This yields a mixture that closely tracks the KDE, including the inter-mode “valley” while retaining the interpretability and Bayesian decision rules of a parametric model.

• Bayesian pixel labeling and decision threshold

Let the darker component represent “damage” (configurable if illumination inverts the contrast). For a pixel of gray level $x$, we assign the label with the larger posterior unnormalized score $w_k\mathcal{N}(x\mid {\mu }_k,{\sigma }_k^2)$. The decision boundary $t$ solves the equality of posterior scores:

$$\log w_d-{\displaystyle \frac{1}{2}}\log \left(2\mathsf{\pi }{\mathsf{\sigma }}_d^2\right)-{\displaystyle \frac{{\left(t-{\mathsf{\mu }}_d\right)}^2}{2{\mathsf{\sigma }}_d^2}}=\log w_s-{\displaystyle \frac{1}{2}}\log \left(2\mathsf{\pi }{\mathsf{\sigma }}_s^2\right)-{\displaystyle \frac{{\left(t-{\mathsf{\mu }}_s\right)}^2}{2{\mathsf{\sigma }}_s^2}}$$

(8)

For a marking instance with pixel set $\mathsf{\Omega }$ and predicted labels $y_p\in \{\mathrm{damage},\mathrm{safe}\}$, we report the damage ratio.

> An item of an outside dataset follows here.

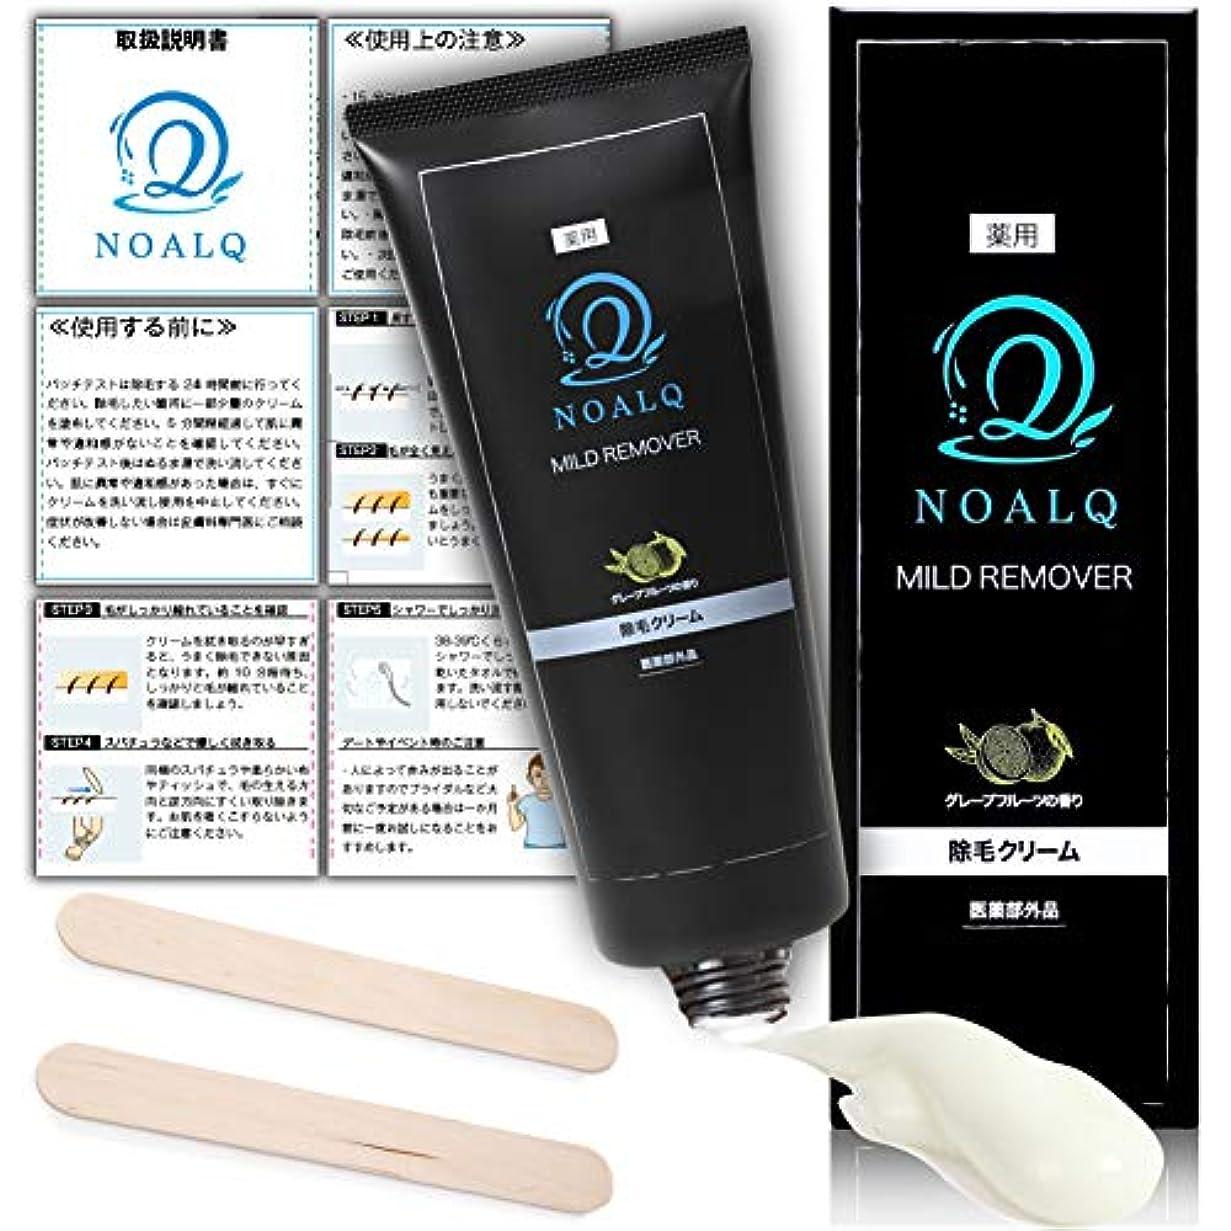 注文担保迅速NOALQ(ノアルク) 除毛クリーム 薬用リムーバークリーム 超大容量220g メンズ [陰部/VIO/アンダーヘア/ボディ用] 日本製 グレープフルーツフレーバータイプ

$$\mathrm{DR}={\displaystyle \frac{1}{\left|\mathsf{\Omega }\right|}}\sum p\in \mathsf{\Omega }{\mathbb{1}}_{{\mathrm{y}}_{\mathrm{p}}}$$

(9)

which summarizes the fraction of degraded material used in downstream mapping and inventory summaries.

3.6. Localization

We estimate absolute 3D coordinates of detected road markings (RM) by registering each incoming frame to a pre-built 3D reference model. The workflow comprises two parts:

• Reference model construction

SfM/MVS reconstruction: UAV multi-view imagery is processed with COLMAP to run structure-from-motion and multi-view stereo; features are detected and matched across images, and camera intrinsic/extrinsic parameters are estimated and globally refined by bundle adjustment; then, per-pixel parallax yields a dense RGB-D point cloud [21,22].

Outlier removal and database building: The cloud is denoised with statistical outlier removal (SOR) and radius outlier removal (ROR) to suppress artifacts from reflections, inter-image brightness differences, and texture heterogeneity [23]. The cleaned cloud, together with per-image features, per-pixel 3D coordinates, and camera parameters, is stored as a database used later for localization.

2.

Assigning 3D coordinates to new detections

We carried out feature matching between input and reference images using SIFT [24], which is robust to rotation, scale, and illumination variations [25]. Each matched input pixel is linked to its corresponding 3D point in the reference model, giving absolute coordinates in the common frame.

For every detected RM, we select the five nearest matched points (Euclidean distance in the image domain) around the RM pixel and apply inverse distance weighting (IDW) to their 3D coordinates to obtain the RM’s absolute position [26]. Using five neighbors captures local depth/surface variation while avoiding over-smoothing; distance weighting stabilizes estimation on sloped or structurally varying pavement.

4. Results

4.1. Road Marking Detection Results

We trained and validated several YOLO families on the UAV-image split described earlier. For fairness, all detectors used the same input resolution and augmentation policy; confidence and IoU thresholds were tuned on the validation set and then fixed. Performance is summarized in Table 3 using Precision, Recall, F1, mAP50, mAP50–95, and computational cost (speed, GFLOPs). We emphasize F1 (the balance of misses and false alarms) and mAP50–95 (localization quality across IoU thresholds), because these criteria most strongly affect the downstream segmentation crops and, in turn, the reliability of damage estimation.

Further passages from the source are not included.